A highly scalable and very interesting study is reported by Leyson et al.19 These researchers present a parameter-free model, based on first-principles calculations of interactions between solute atoms and edge dislocations that is able to predict the tensile yield stress of aluminum alloyed with Mg, Cr, Cu, and Mg–Si. This approach requires no input from experimental data and is generally applicable to studying solute strengthening in other alloy systems. However, experimental results still play a very important role in validating the model results; in this case, experimental data indicate that the model underpredicts tensile strength unless impurity concentrations of Fe are considered—an important result when using such a model for guidance in developing new alloys.
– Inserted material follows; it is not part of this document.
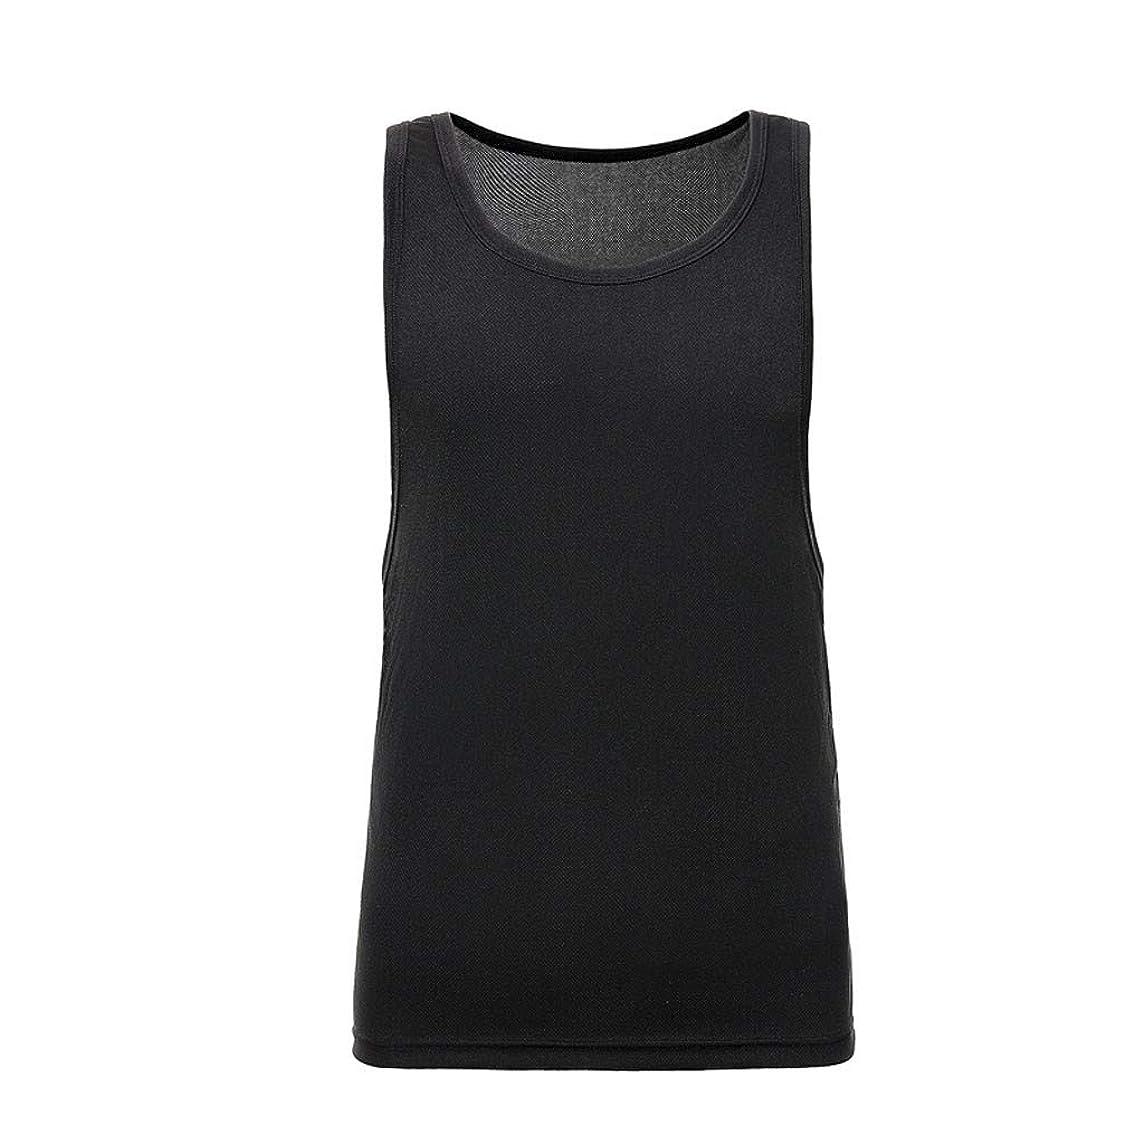 iHPH7 Men's Tank Top Tee Shirt Sport Fitness Vest #19052639
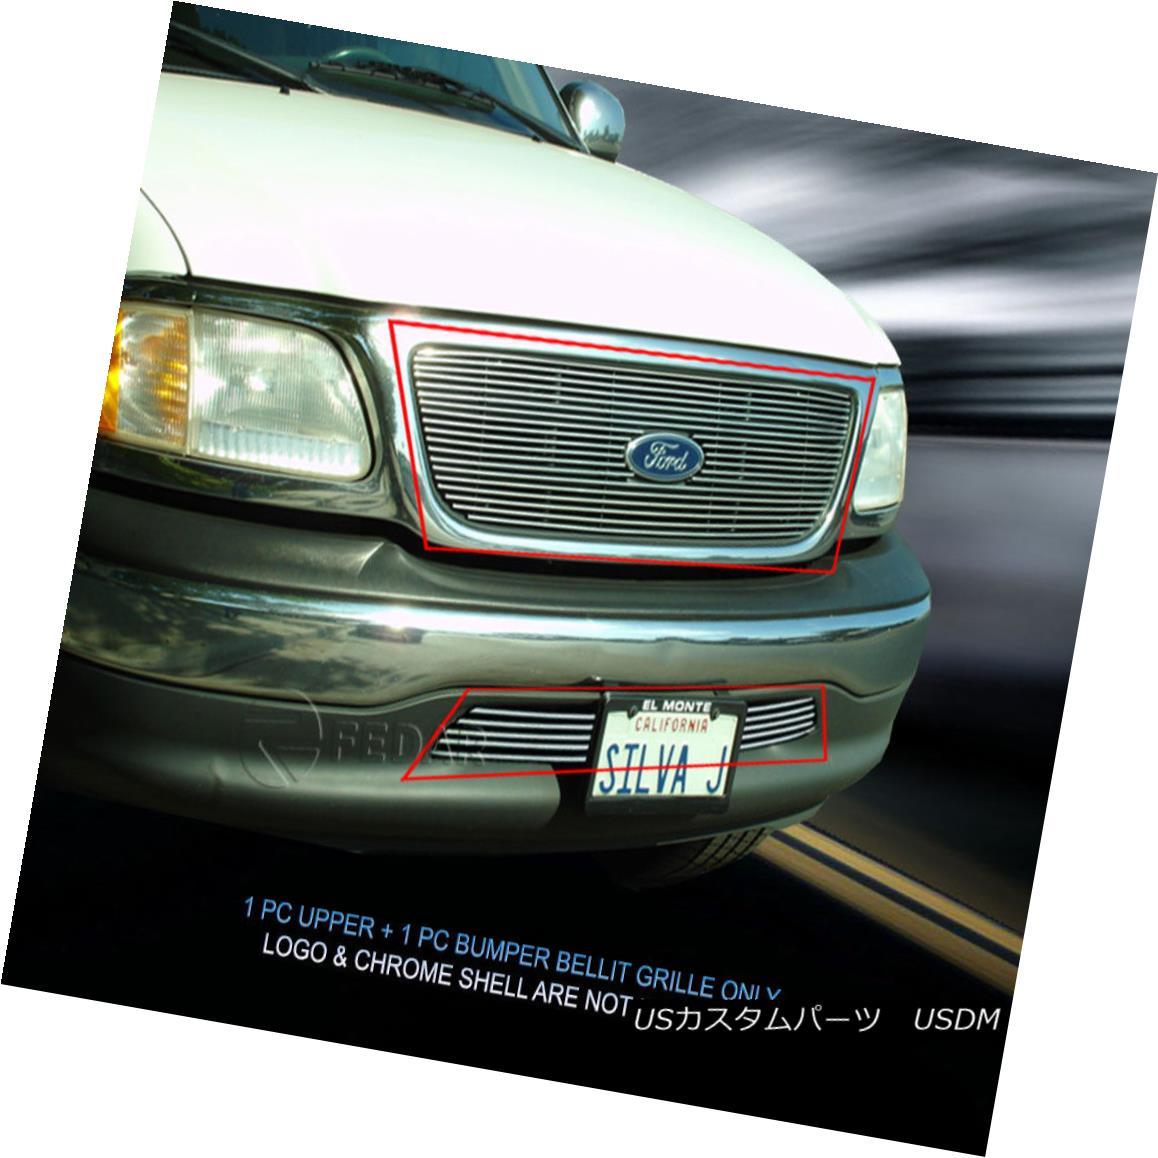 グリル 99-03 Ford F-150 F150 2WD Billet Grille Combo Grill Insert Fedar 99-03フォードF-150 F150 2WDビレットグリルコンボグリルインサートフェルダー

While this is a very general computational approach (in the sense that it could be applied to many solute additions in many alloy systems for a variety of applications), the computational modeling occurs only at low length scales, feeding analytical models at somewhat higher length scales. This example demonstrates a “general” FEP such as this does not necessarily correlate to the application of models across a wider range of length scales. Rather, the objectives of the FEP dictate the modeling requirements that in turn determine the types of models, the appropriate length scales, and the required integration of experimental data.

These examples suggest that a universal method for determining the scalability, the incorporation of specific length scales, and the required experimental data does not exist. Rather, the characteristics of the desired solution for the FEP provide guidance on the approach. These examples also demonstrate how a properly focused computational and ICME approach can provide insight and thereby support accelerated deployment of materials for automotive lightweighting. Continued development of the materials models and integration techniques coupled with a growing list of success stories such as these will help to improve the usefulness of ICME and its impact on U.S. energy consumption.


Reducing vehicle weight can help decrease U.S. energy and petroleum consumption by increasing efficiency in conventional vehicles and improving competitiveness in electric vehicles, AFVs, and highly efficient conventional vehicles. Despite the significant potential of vehicle weight reduction, widespread automotive deployment of advanced high-strength steels, aluminum alloys, magnesium alloys, fiber reinforced composites, and advanced polymers is limited by a variety of technical challenges that require continued research and development. Optimal lightweight designs typically require the use of multimaterial structures, presenting additional technology gaps associated with joining, corrosion protection, and design. Rapidly addressing these challenges requires supplementing classical materials R&D techniques with computational materials science and ICME. Recent success in applying ICME techniques towards the development of automotive materials highlights the potential of this approach; however, continued improvement of the modeling, data, experimental, and integration techniques is needed. With particular regard towards specificity/scalability, multiscale modeling, and integration of experimental data, recently published research demonstrates that the FEP requirements help to guide the detailed requirements of the computational approach and yield the most useful results. As ICME continues to mature, both as a field and a technique, faster material development and deployment will help to more rapidly introduce lightweight materials, reduce vehicle weight, and improve U.S. energy efficiency.